Leaders should begin by assessing the stakeholder landscape, including relevant portions of the public, other federal leaders, and private partners. This assessment must include adoption forecasts that consider the political, regulatory, and behavioral contexts. Community engagement—at this stage and throughout the process—should inform goal-setting and program strategy. Achieving ambitious goals will require commitment from multiple federal agencies and the presidential administration.

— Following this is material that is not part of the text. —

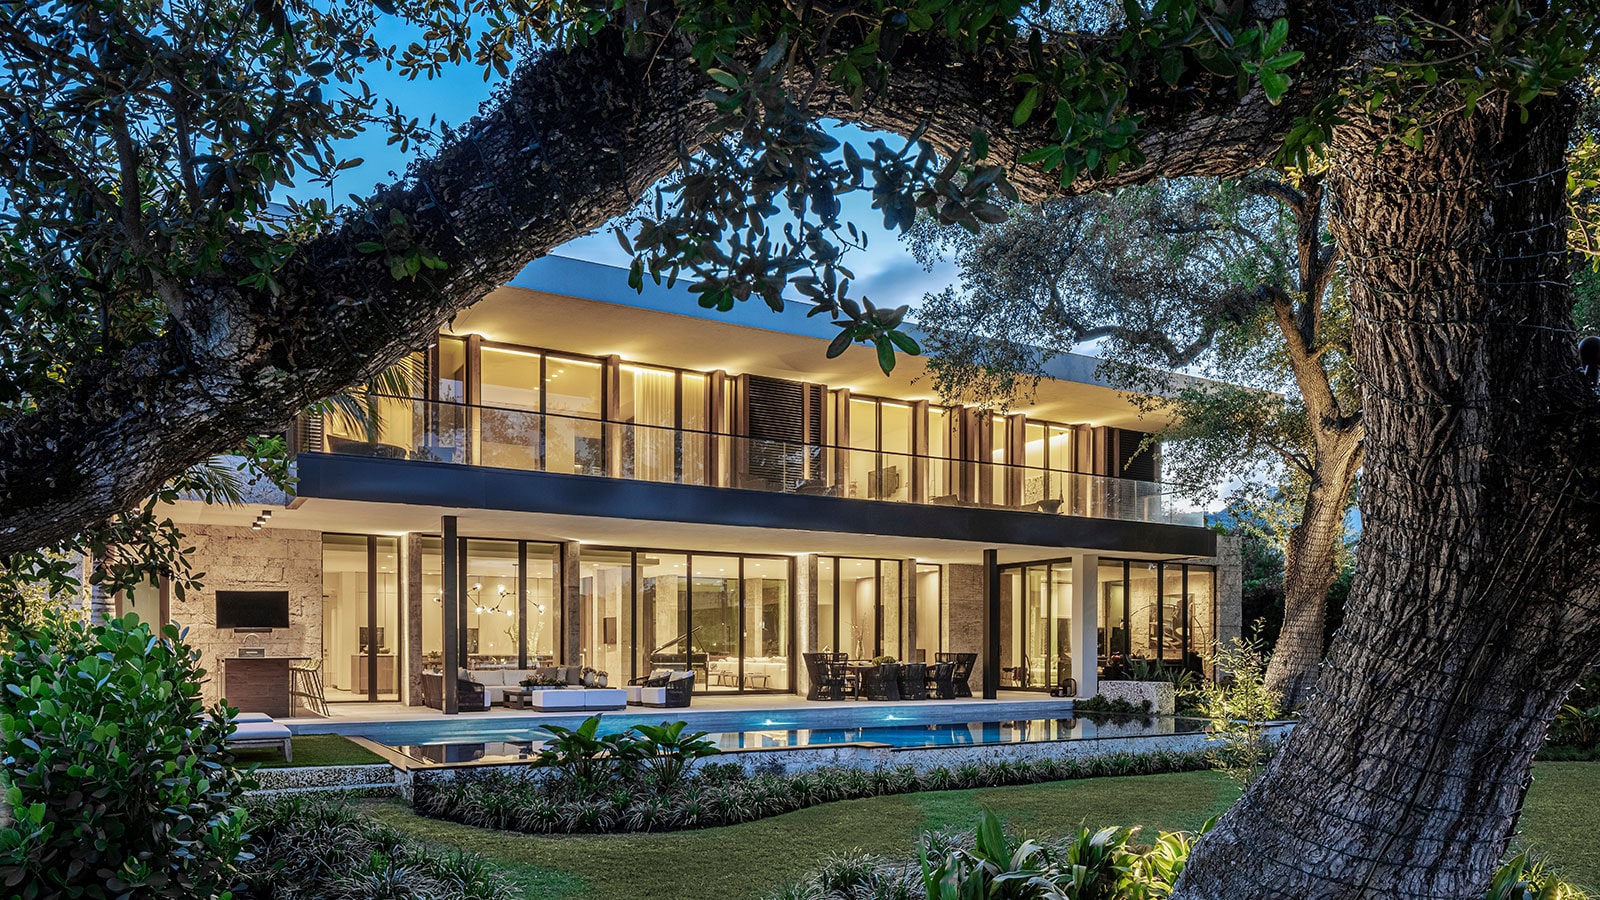 "Florida Villa Strang Design indiaartndesign"

At this stage, understanding the private sector is helpful, but these stakeholders can be motivated further with mechanisms discussed later. Throughout the program, leaders must communicate the timeline and standards for success with expert communities and the public.

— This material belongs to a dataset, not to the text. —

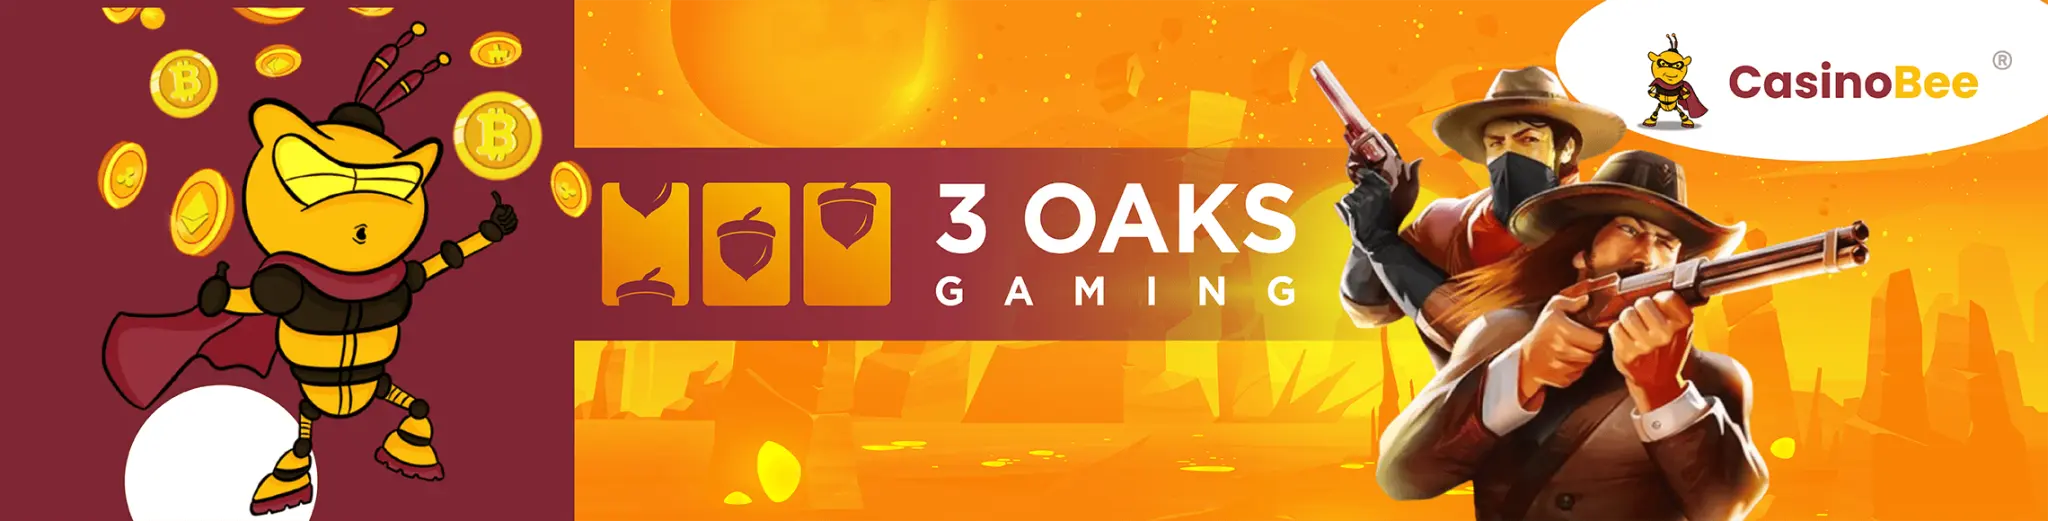 3 oaks gaming casino en linea

Example Challenge: Building Capability for Domestic Rare Earth Element Extraction and Processing
Rare earth elements (REEs) have unique properties that make them valuable across many sectors, including consumer electronics manufacturing, renewable and nonrenewable energy generation, and scientific research. The U.S. relies heavily on China for the extraction and processing of REEs, and the U.S. Geological Survey reports that 78% of our REEs were imported from China from 2017-2020. Disruption to this supply chain, particularly in the case of export controls enacted by China as foreign policy, would significantly disrupt the production of consumer electronics and energy generation equipment critical to the U.S. economy. Export controls on REEs would create an urgent national problem, making it suitable for an OWS-like effort to build capacity for domestic extraction and processing.

Criteria 2. Fundamental research is already established, and the goal requires R&D to advance for a specific use case at scale.

Efforts modeled after OWS should require fundamental research to advance or scale into a product. For example, two of the four vaccine platforms selected for development in OWS were mRNA and replication-defective live vector platforms, which had been extensively studied despite never being used in FDA-licensed vaccines. Research was advanced enough to give leaders confidence to bet on these platforms as candidates for a COVID-19 vaccine. To mitigate risk, two more-established platforms were also selected.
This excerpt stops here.